On Being an Ally or, I CAN Breathe

I’ve been thinking a lot lately about what it means to be an ally.

Allies, of course, can be found in all kinds of movements; there are white allies and straight allies, male allies and upper class allies. And allies serve an important role – even if you don’t face a certain type of oppression directly, you have, I believe, an obligation to recognize and work against that oppression.

But being an ally is also complicated.

Complicated, but not that complicated. It’s complicated the way every day life is complicated. The way it’s complicated when someone asks how they look in an outfit, or its complicated when you move from “dating” to “exclusive.”

It’s complicated because social interactions are complicated.

I wonder how complicated being an ally would seem if we were all more used to talking about issues of discrimination and oppression. It would still be complicated, I imagine, but perhaps not paralyzingly complicated.

I heard a white man on TV the other day frustratedly complain that he wasn’t sure whether he was supposed to use the term “African American” or if it was okay to call somebody “black.” I just don’t know what you people want me to say! he exclaimed.

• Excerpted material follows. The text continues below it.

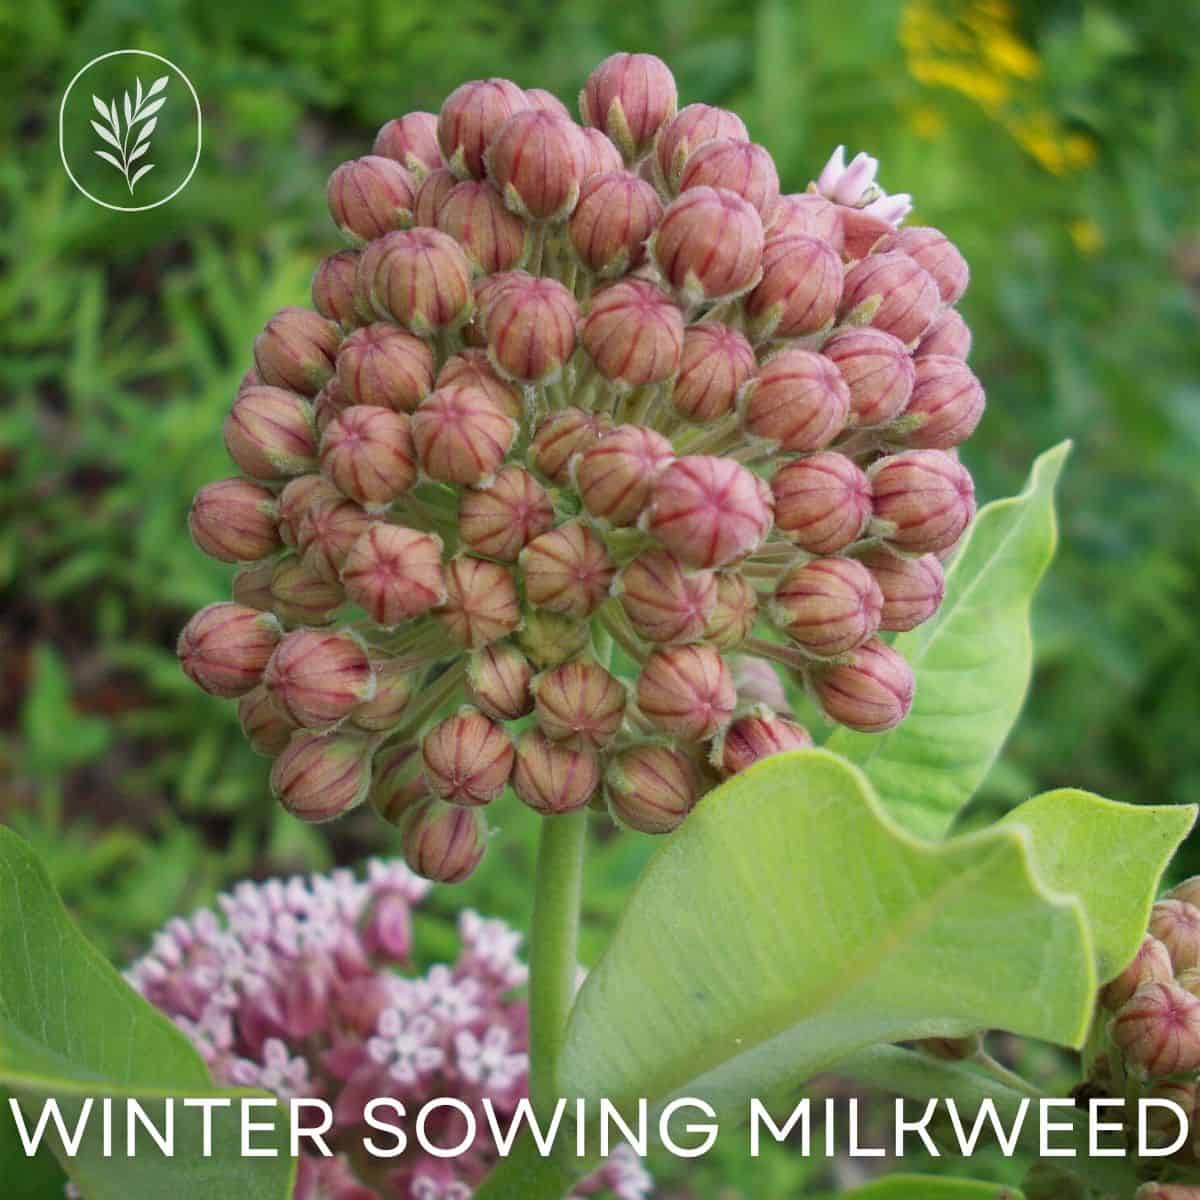 Winter sowing milkweed via @home4theharvest

I think it was at “you people” where he really went wrong.

Being an ally is full of tension. It’s full of competing concerns and changing expectations. And that’s okay –

Life is full of tension.

As an ally, you should defer to the leadership of those most directly affected. You should be mindful of your power and privilege and do everything possible not to exert that power over others. You should listen, you should learn, and you should engage in the ways you are asked to.

But as an ally, you can’t let the work of speaking out always fall to those most directly affected. You should be the one raising questions of equity. You should be the one pointing to areas that need to change. You should be the one pushing the envelope and speaking out.

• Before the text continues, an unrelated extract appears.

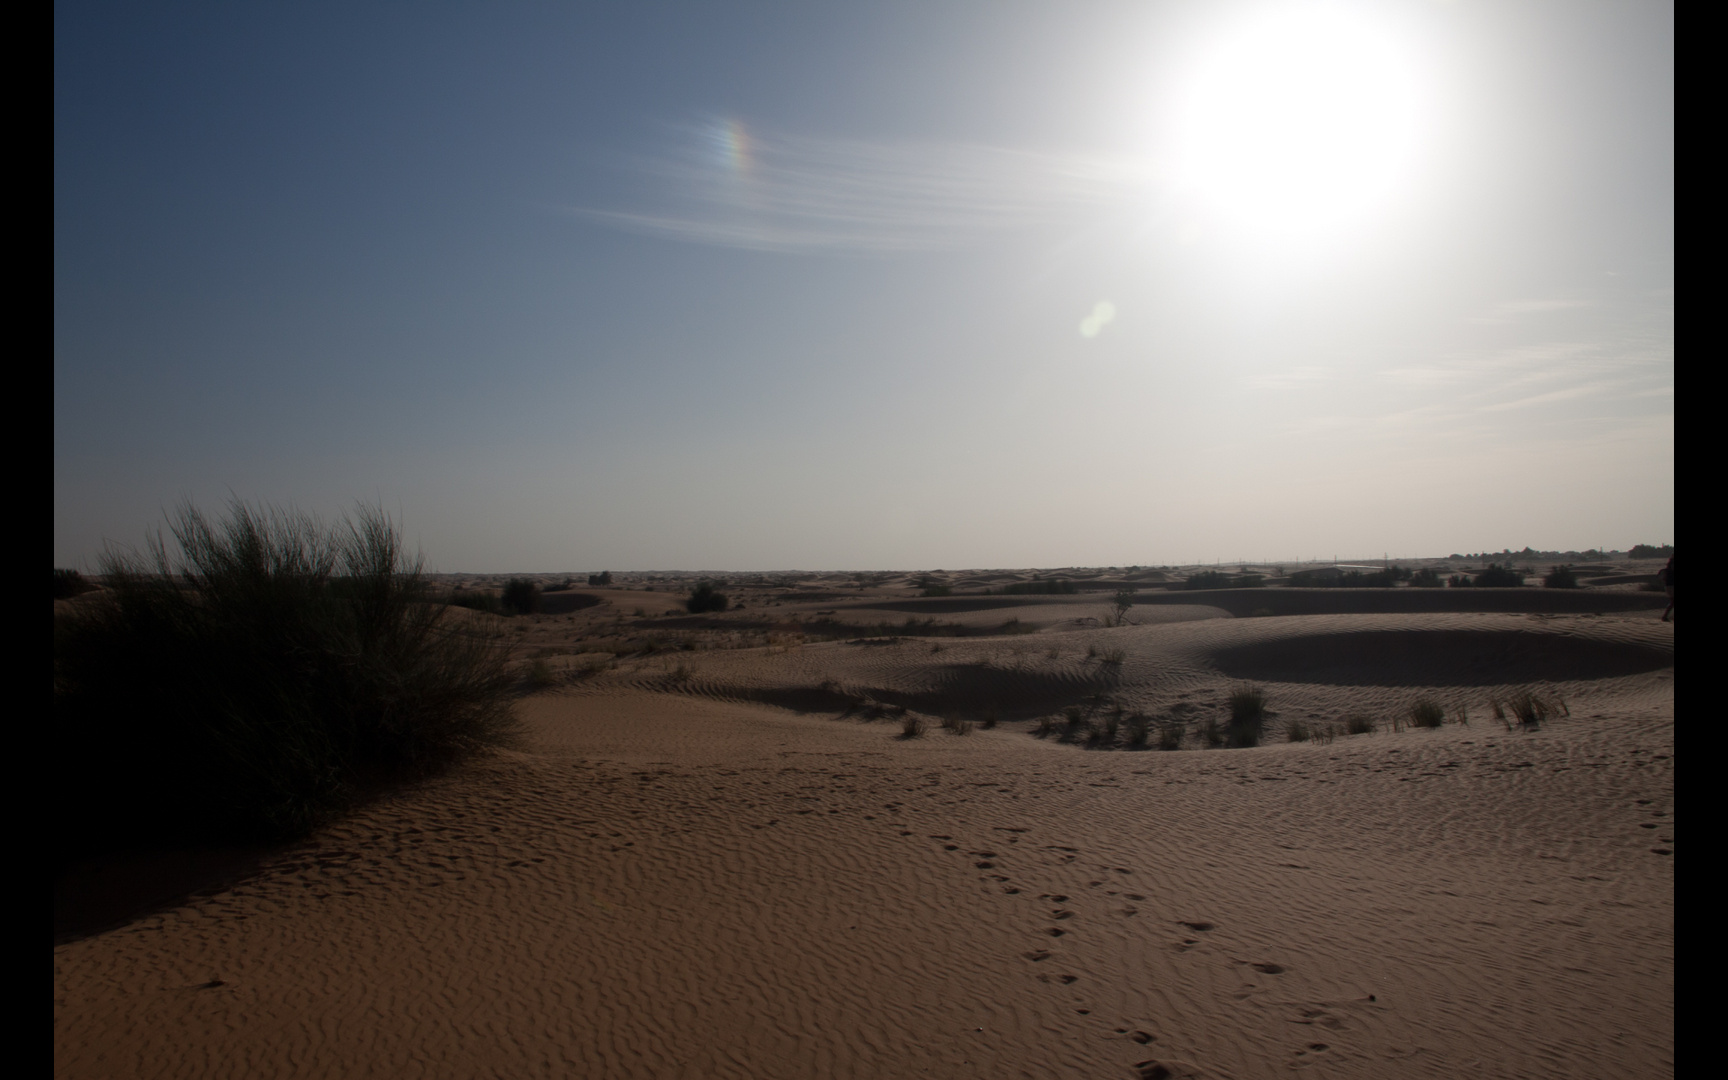 Wüste Dubai

On the surface, it sounds like those things can’t co-exist – how can you simultaneously defer leadership and lead the charge?

It’s possible, I believe. And it’s complicated, but not that complicated.

Listen and learn, speak up and fight. Do the best you can, but always know you will make mistakes. Do your best to encourage those around you to point out those mistakes. Do your best to learn from those mistakes and do your best to help others learn from those mistakes as well.

It’s a journey for all of us.

In the wake of the recent grand jury decisions, I’ve been faced with some specific questions about what it means to be an ally.

Should a white person participate in a die-in about police killings of African Americans? Should a white person gesture “don’t shoot”? Should a white person yell, “I CAN’T BREATHE!”?

I’m not sure there’s a universal answer to these question, but doing the above doesn’t feel quite right to me.

I CAN breathe. Police are unlikely to shoot me without repercussions. I am white. That comes with privileges, and claiming too much understanding of things I don’t experience is inappropriate.

I am not Trayvon Martin.

But that doesn’t mean I can’t fight. That doesn’t mean I shouldn’t fight. It just means my role in the fight is different, just as my experience in the world is different.

I don’t know if the word “ally” is too passive, I don’t know if a more active word would abuse too much power.

But I do know I have a responsibility to speak up and to speak out. I know I have a responsibility to do so in a way that is respectful of all people. I know there’s not a secret activist etiquette handbook, and I know I will make mistakes along the way.